Predictive Intelligence is a kind of software made for utilizing data to estimate changes in a chosen business area of an organization. This permits organizations to anticipate the most statistically possible results based on past experiences. Nowadays, advertisers are utilizing the innovation to deliver clients’ needs before they even know they want it.
The science of Predictive Intelligence can predict the future outcome of an event with a significant level of accuracy. With the assistance of advanced predictive intelligence tools and models, a Business Intelligence (BI) team can process historical data and match it with current trends and analytics to forecast patterns and behaviors that are likely to occur in the future.
Any prediction intelligence platform will use a mix of Big Data Analytics, Data Modeling, Supervised Machine Learning and Data Visualization and Reporting techniques to provide accurate results to the BI teams for real-time decision-making.
Predictive Intelligence is also defined as the procedure of gathering information on potential buyers’ practices/activities from a variety of sources and then potentially combining with profile information about their characteristics. Several methods can be used to undertake a predictive analysis method depending upon the results you wish to obtain. Top airlines are also using cutting-edge predictive analytics to decide flight fares using reflected past travel trends. Various industry players can employ this technology to forecast the number of travelers on any given day to maximize occupancy and ROI.
Five Trends in Predictive Analytics
Ease of Use
Using Predictive Intelligence is not a raging trend because it opens predictive intelligence to newly-forged extensive data-driven functions and departments, for example, Marketing and Sales. While previously, analysts utilized a scripting language to fabricate a predictive model, sellers are currently making their software easy to use.
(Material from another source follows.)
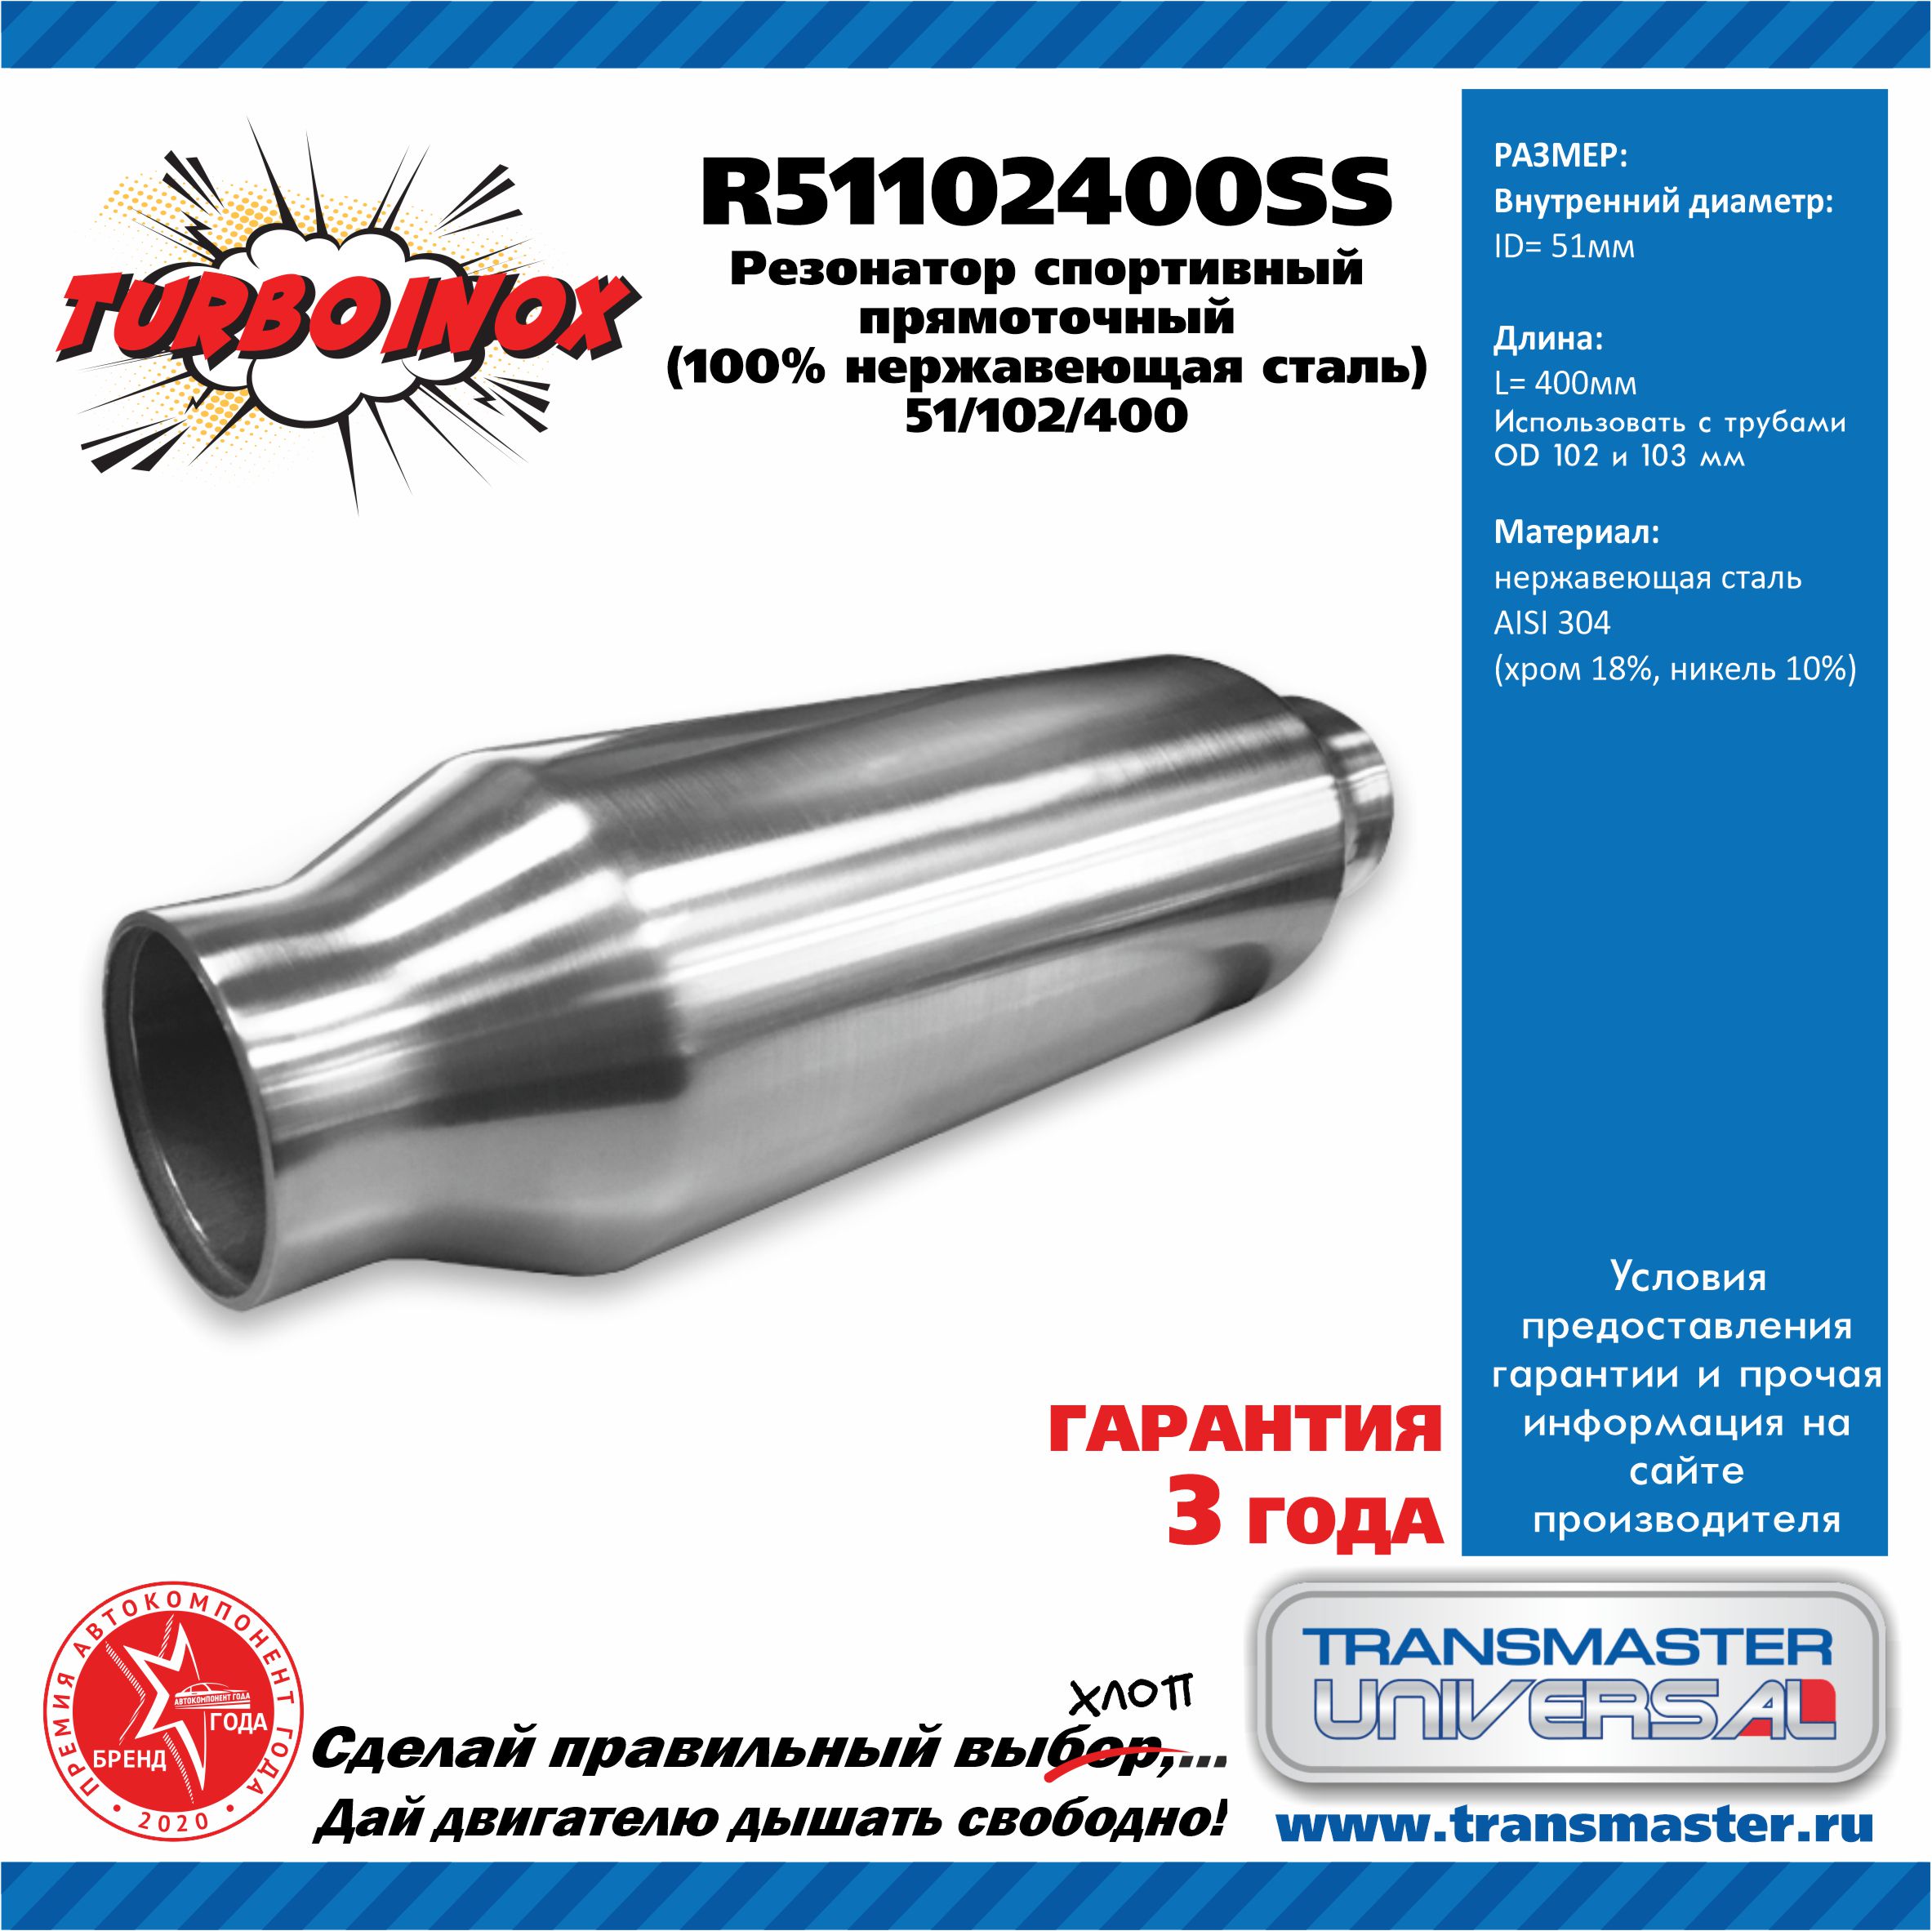 Резонатор спортивный прямоточный серия turboinox (100% нержавеющая сталь) - TRANSMASTER UNIVERSAL R51102400SS

This incorporates concealing the multifaceted nature of the model structure process and the data preparation process by means of the UI. Not to mention, marketers still need the skills to make sure the software is utilized correctly.
Rise of Geospatial Data
Geospatial predictive intelligence is being utilized to foresee criminal activities. On the business front, location data is being utilized with predictive analysis to provide explicit offers to customers depending on where they are and on their behavior.
Operationalizing the Analytics for Action
Organizations are utilizing predictive intelligence to foresee support failure, anticipate collections, forecast churn, and the list goes on. In these models, predictive intelligence is integrated into the business procedure of an organization. For example, if a customer takes a specific action that puts a business at risk for churn, information about that customer is routed to the appropriate department for action.
Text Data in Predictive Analytics
Some companies are actively using text data to take their predictive models to the next level as it helps provide the “why” behind the “what”. Some Predictive analytics providers provide text analytics as part of their solution and some partner with text analytics vendors to integrate this functionality into their products. We can say that this kind of data being used as part of the predictive analytics, will continue to grow.
These are only a few trends we are seeing in predictive analytics. As new technology continues to be adopted, new trends will keep emerging.